According to the deal, ICMR would not only transfer the strains and create vaccines, but it would also test them on animals, from rodents to monkeys, and then on humans, to ensure that the shots were effective.

In addition, the ICMR paid ₹35 crore for these clinical trials and incurred expenses in the development of Covaxin. It received five percent of the royalties that BBIL received from the sale of Covaxin in exchange. It was well acknowledged that both the BBIL and the ICMR would contribute to the vaccine and, as declared in Parliament, would consequently enjoy “joint intellectual property rights” following the announcement of their collaboration.
The Hindu was informed by BBIL first that there was a difference between the rights controlling vaccine manufacturing and the rights to the data produced by clinical trials. The ICMR was left out of patent filings because it had not contributed to the vaccine’s actual development. But, BBIL acknowledged its error and promised to make apologies by filing new applications that named ICMR employees as inventors the day after the situation went public. What caused this is unknown.

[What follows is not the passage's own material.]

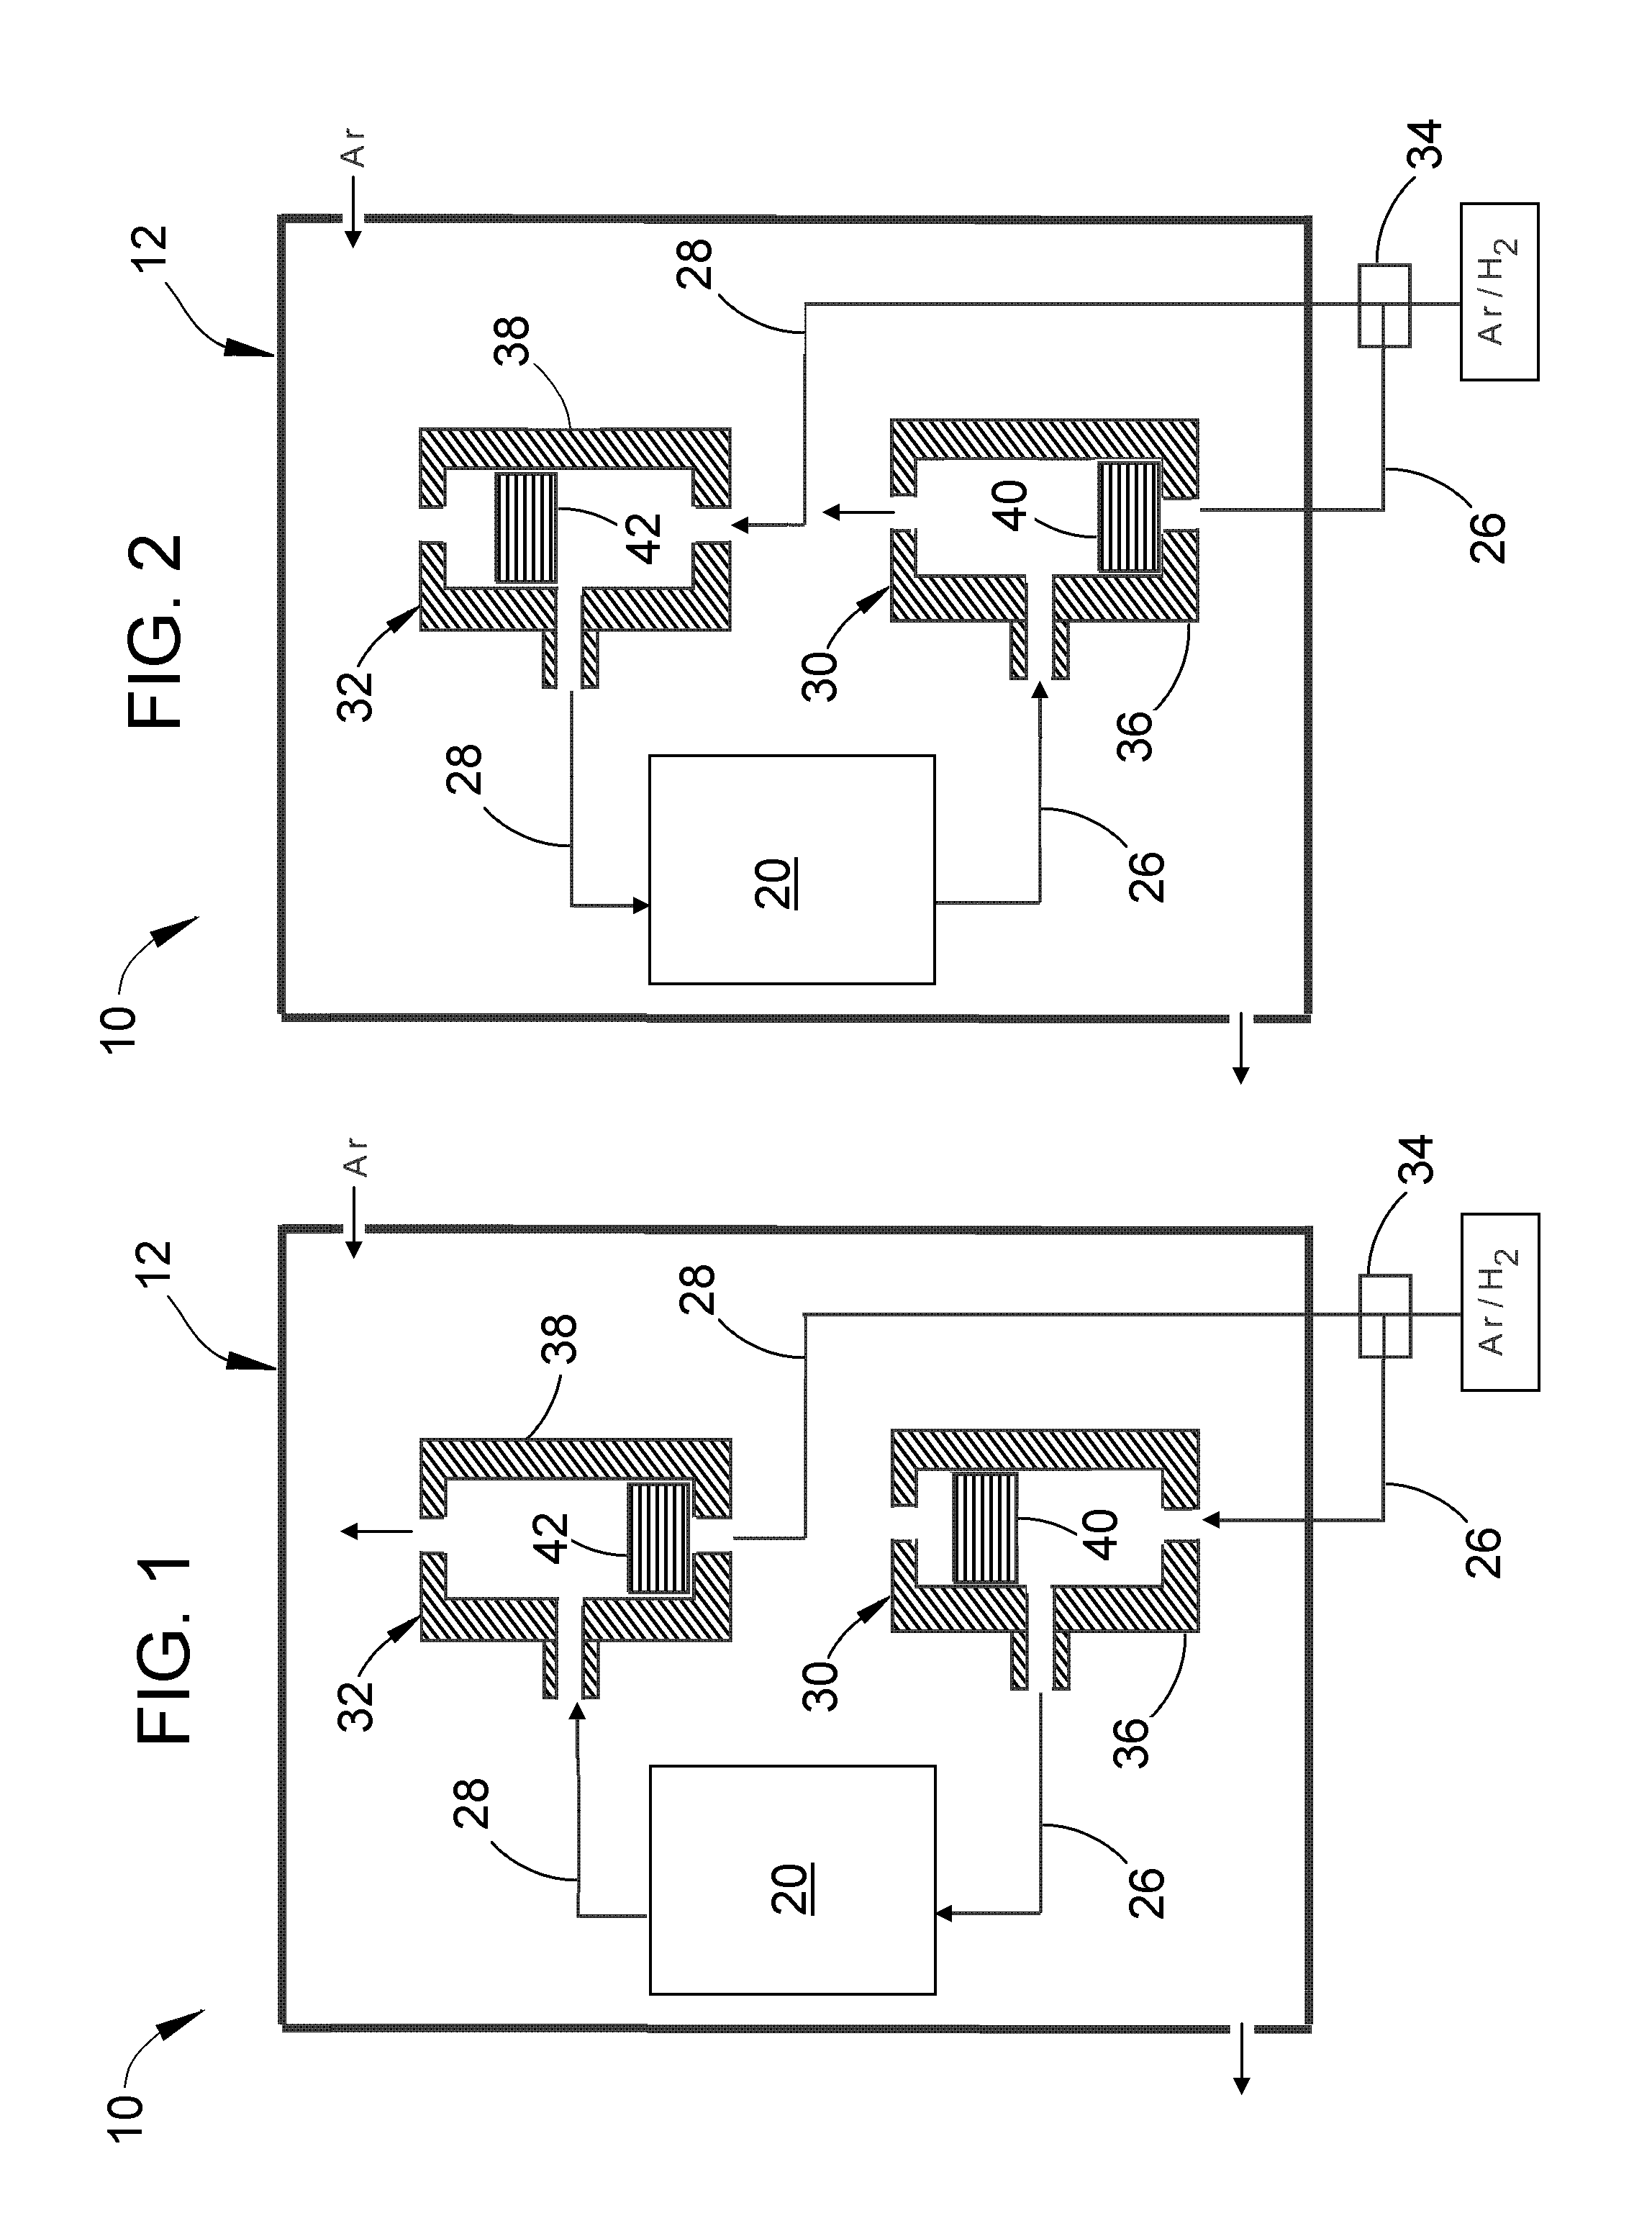 Method and apparatus for controlling diffusion coating of internal passages

How come it matters to be acknowledged as an inventor?

 

IPR covers even the smallest details of the process of developing a new product and is a broad, intricate field.
Pharmacies require a wide spectrum of knowledge, thus it is difficult for single firms or institutions to develop everything in-house. firms may enter into multiple licencing arrangements with different firms, similar to the BBIL-ICMR collaboration. For example, BBIL had a technology licencing agreement with Virovax for the adjuvant. Becoming identified as an inventor affects the sharing of intellectual property rights, royalties, and even deciding how a product can be used if a single product so incorporates numerous businesses and partners.

IPR issues are present in every aspect of human endeavour.
In patent filings, failing to include the names of all inventors may potentially result in the rejection of patent applications, particularly in the United States.